--- TASK BRIEF ---
Write out the entire listing below exactly as it appears, minus any pictures.

--- COLLECTED DATA ---
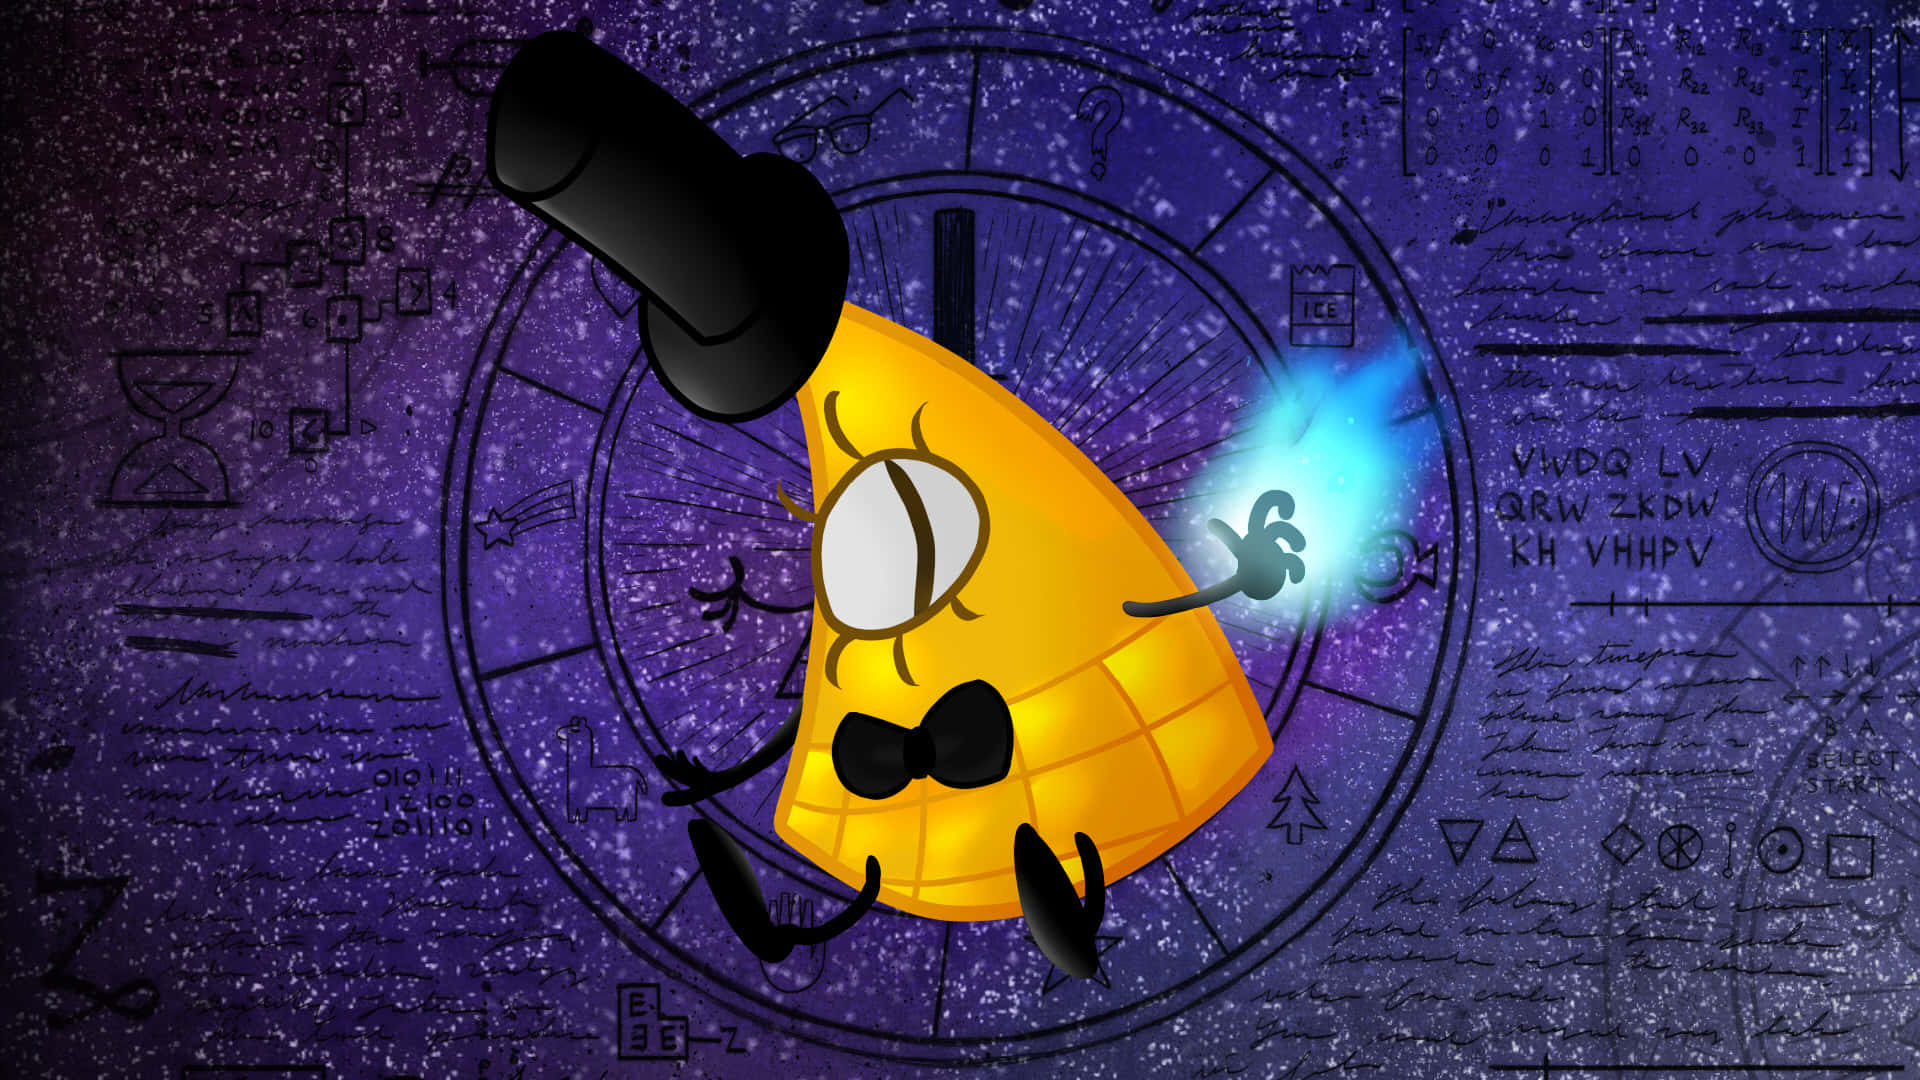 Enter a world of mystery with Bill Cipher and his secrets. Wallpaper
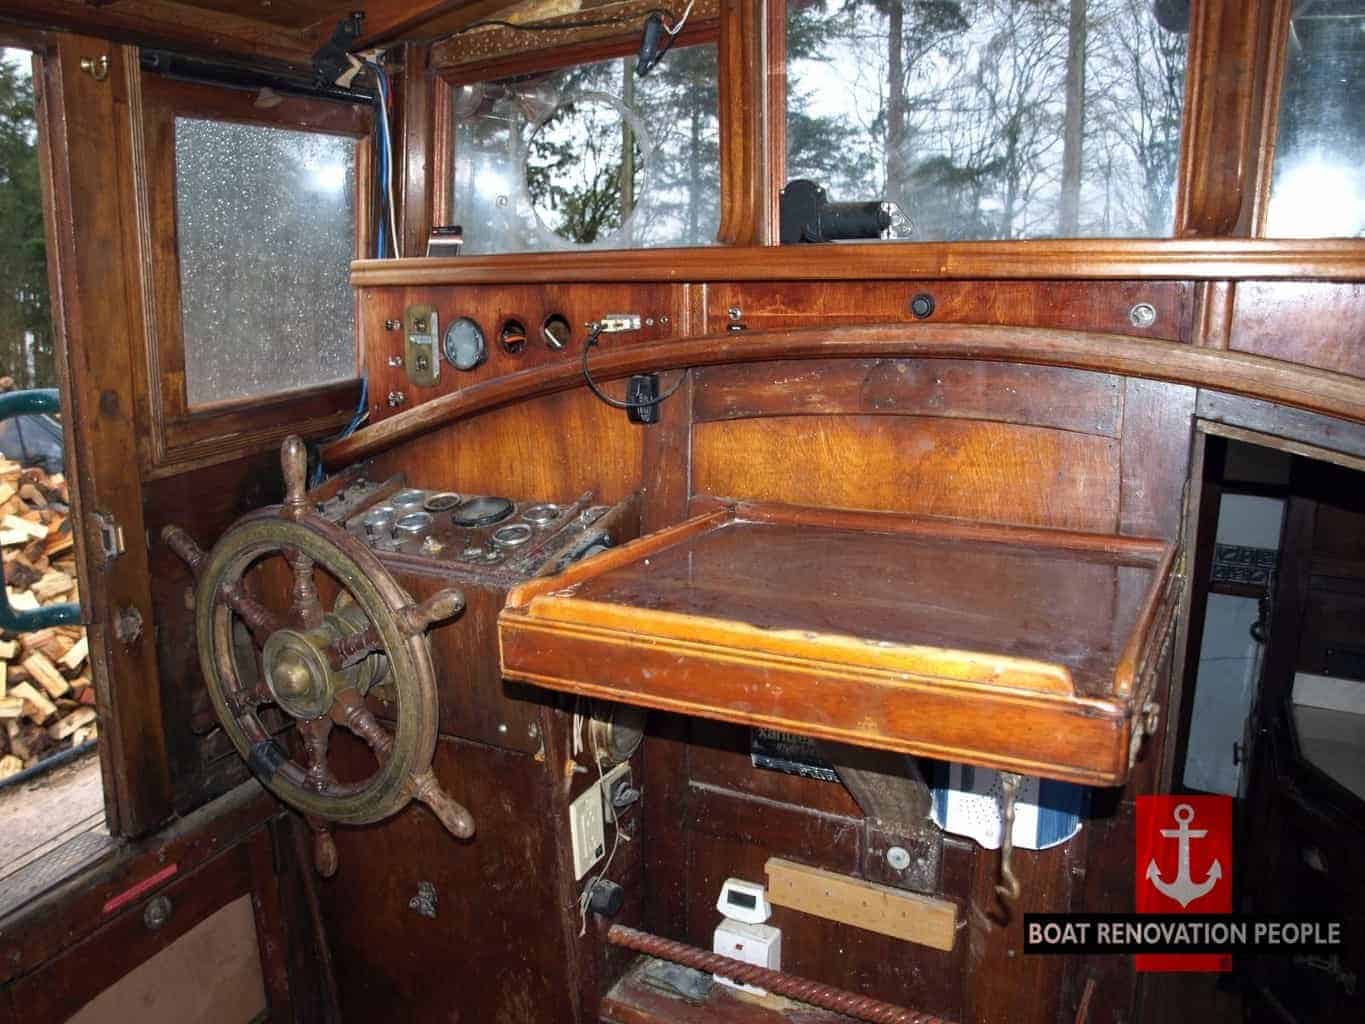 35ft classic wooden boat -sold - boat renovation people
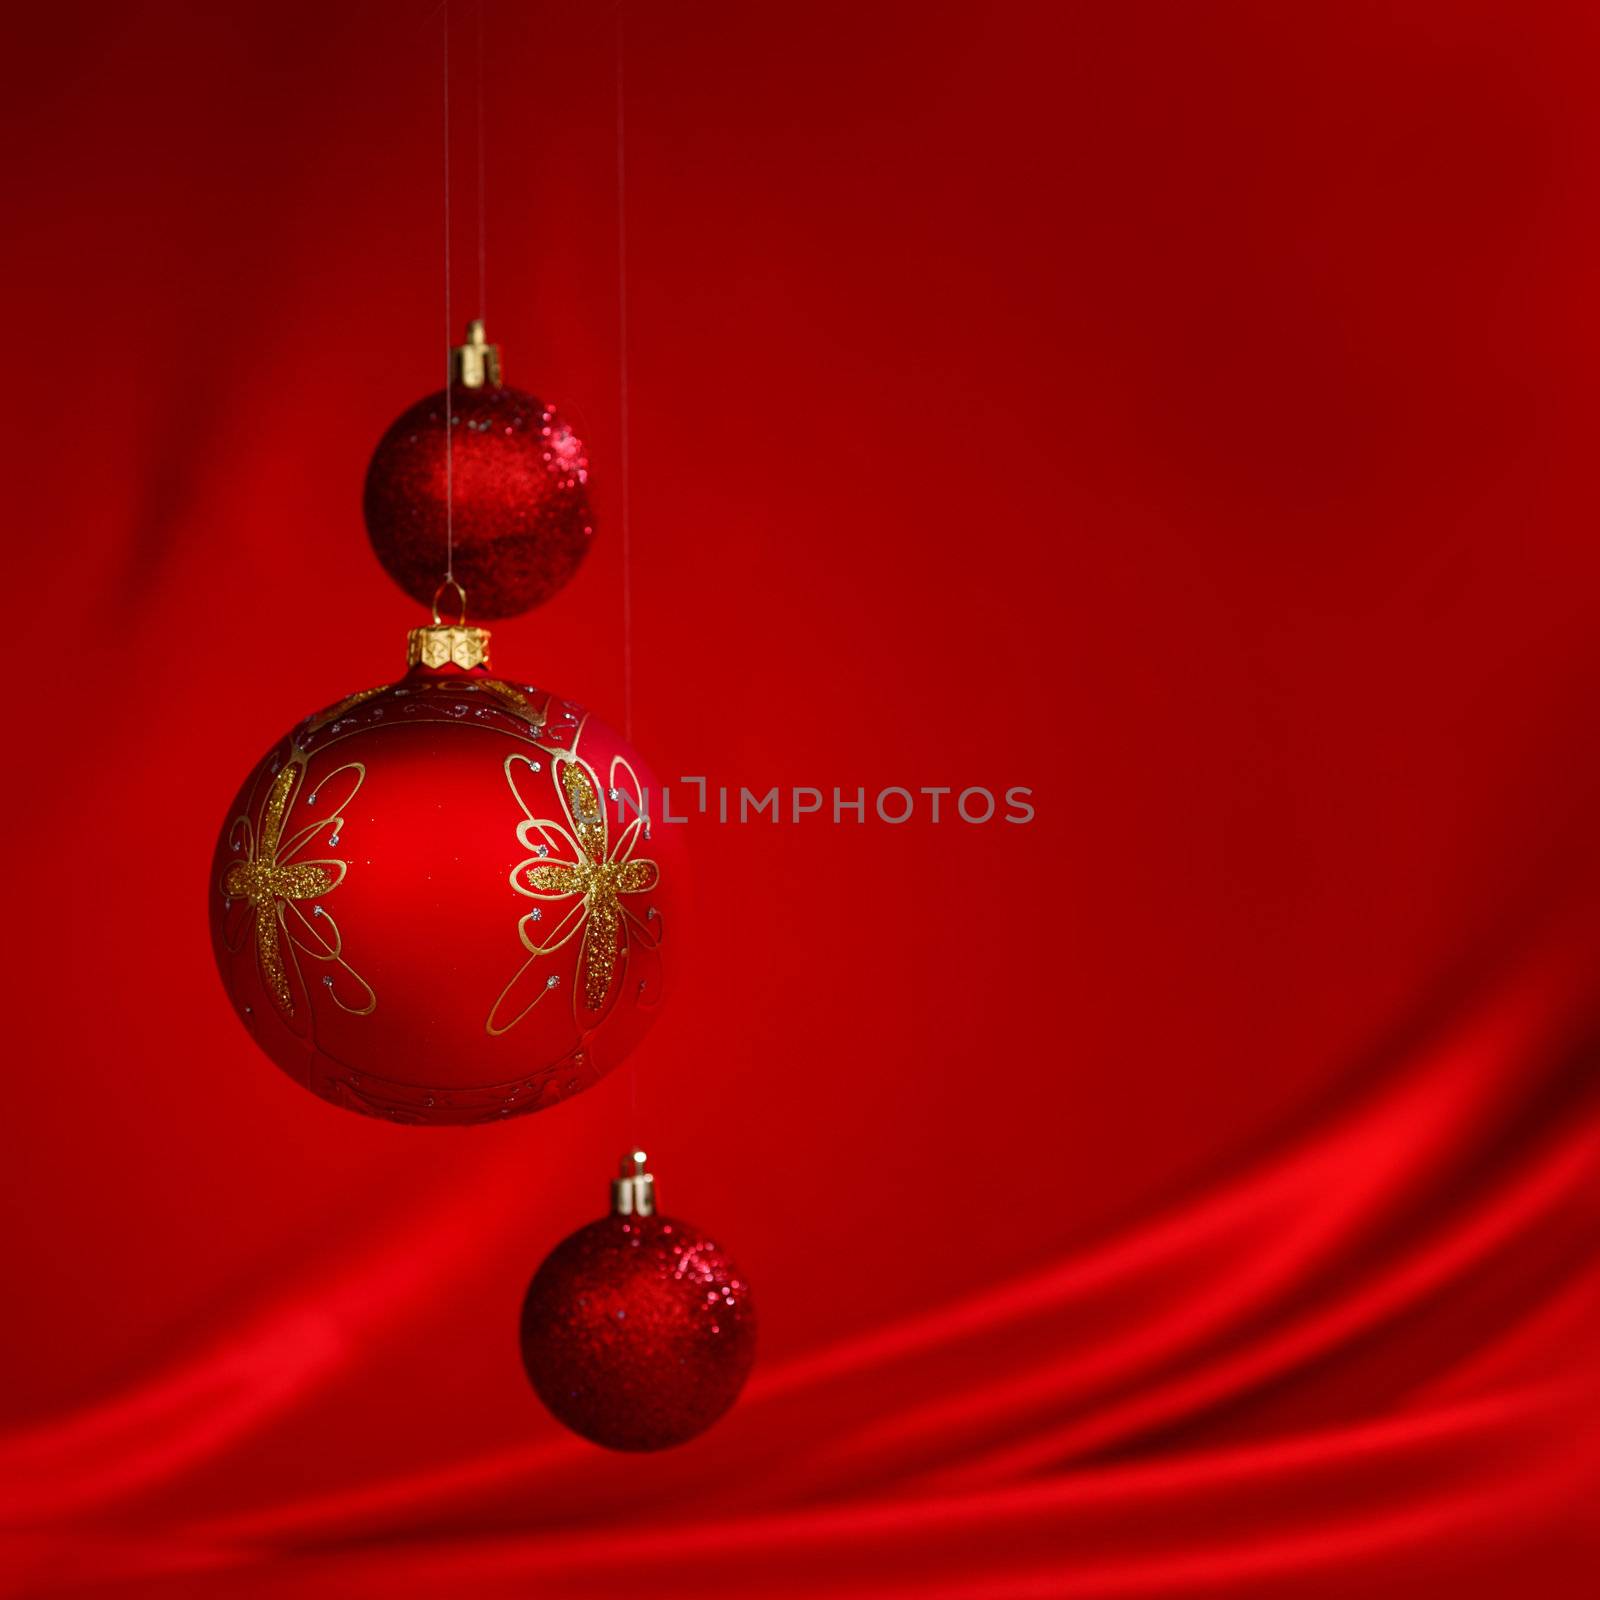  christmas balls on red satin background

--- ANSWER BOX ---
 Enter a world of mystery with Bill Cipher and his secrets. Wallpaper
 35ft classic wooden boat -sold - boat renovation people
  christmas balls on red satin background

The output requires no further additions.